Alternan la punta los negros correlones del Valle del Rift Asbel Kiprop y Augustine Choge. Una onda de gritos y aplausos los acompaña en su recorrido elíptico. Rashid Ramzi, de Barhein, va emboscado en el epicentro de lucha. Es la final de los 1,500 metros lisos. Un hilillo eléctrico corre por la espina dorsal del Nido de Pájaro.
 
La carrera atlética, cien, cuatro, ocho, cinco mil, maratón, proyecta un efecto estético en el espíritu. La carrera establece un puente de emoción. La velocidad y la resistencia se cuelan por las venas y llega al corazón. La carrera es la naturaleza misma del hombre.
 
El sociólogo Desmond Morris nos dice que la popularidad del futbol obedece a ese arco que toca nuestra mente con los hilos hereditarios, genéticos, y nos remonta a los tiempos pretéritos cuando la horda iba de caza, tras el mamut o el dientes de sable.
 
Nos transporta a aquel pasado remoto indeleble en los genes. Son los movimientos naturales del hombre que lo salvan del peligro y le producen placer. Los que cultivaron para la salud y el arte marcial los griegos, los celtas y otros pueblos.
 
Si añadimos el balón como la figura geométrica perfecta se refuerza el efecto estético. Si reflexionamos o extendemos la idea y acaso, si agregáramos unas cuantas gotas de aquel instinto salvaje del Neandhertal o del Cromagnon y cambiamos la elegancia euclideana por el cráneo del enemigo cerraríamos el círculo de la emoción.
 
Los 1,500 metros llanos son una de las pruebas más atractivas del programa olímpico. El atleta combina su astucia e inteligencia con la resistencia y la velocidad terminal.
 
Es tan difícil, que un maestro de la distancia como Hicham El Guerrouj necesitó tres oportunidades olímpicas.
 
La imágenes están grabadas en la memoria del aficionado: Atlanta cuando rodó a los 350 metros de la meta; Sidney cuando lo sorprendió y fulminó el keniano Noah Ngeny, y Atenas cuando derrotó a Bernard Lagat y más tarde se entronizó al conseguir el doblete de los 5,000 en hazaña semejante a la de Paavo Nurmi de 1924.
 
Tan difícil que Lagat bronce y plata olímpica, en un parpadeo nocturno, fue eliminado aquí en Pekín. Venía por los 1,500 y el 5,000.
 
Ramzi sin el más fuerte adversario ventea la oportunidad de victoria a 300 metros de la línea de meta.
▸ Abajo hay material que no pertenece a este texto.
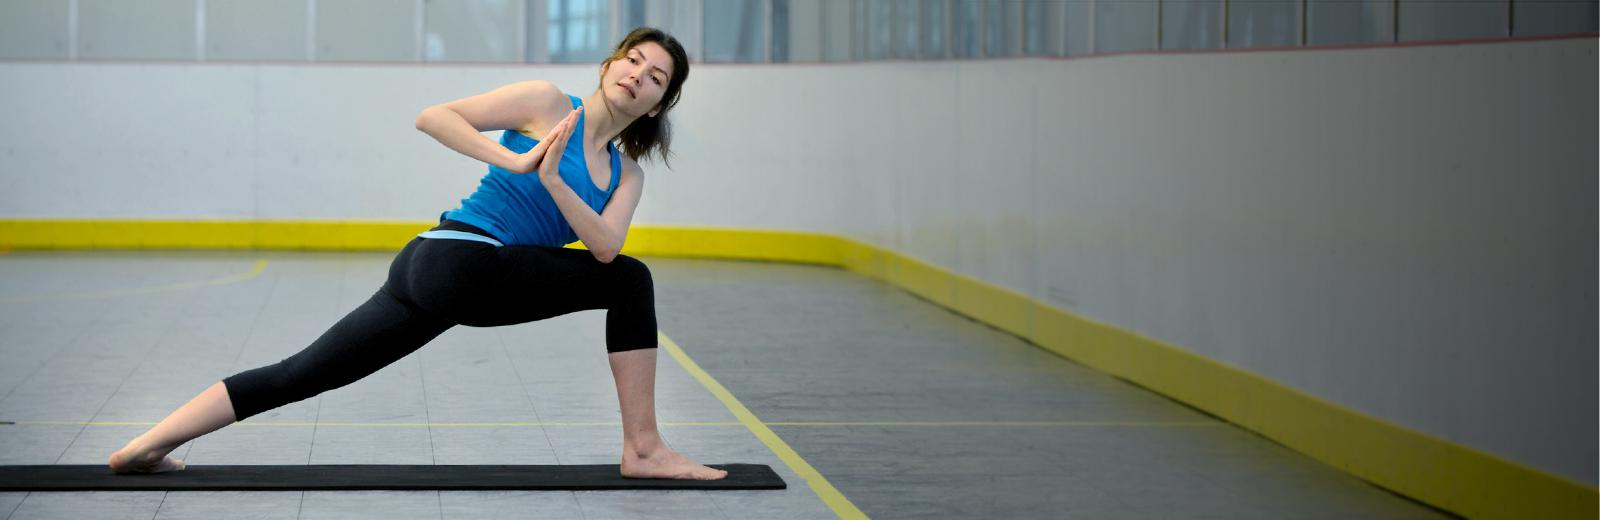 https://medical.mit.edu/sites/default/files/yoga1.jpg

Como un lobo entre lobos saltó por el bosque de piernas con brutal aceleración. Su figura elástica en la veloz manada adelanta gradual y toma la punta.
 
Reacciona el grupo. Aúlla el estadio. Se cimbra el Nido de ave. La figura de Ramzi, que corre como demonio, se recorta en la última curva. Lo persigue con frenesí el keniano Kipruto Kiprop. La carrera proyecta su efecto estético o nos conduce con placer a la noche de los tiempos.
 
Ramzi marca 3.32.94. Da un zarpazo en la recta final y huye con el oro olímpico. Es un lobo en los 1,500 metros llanos.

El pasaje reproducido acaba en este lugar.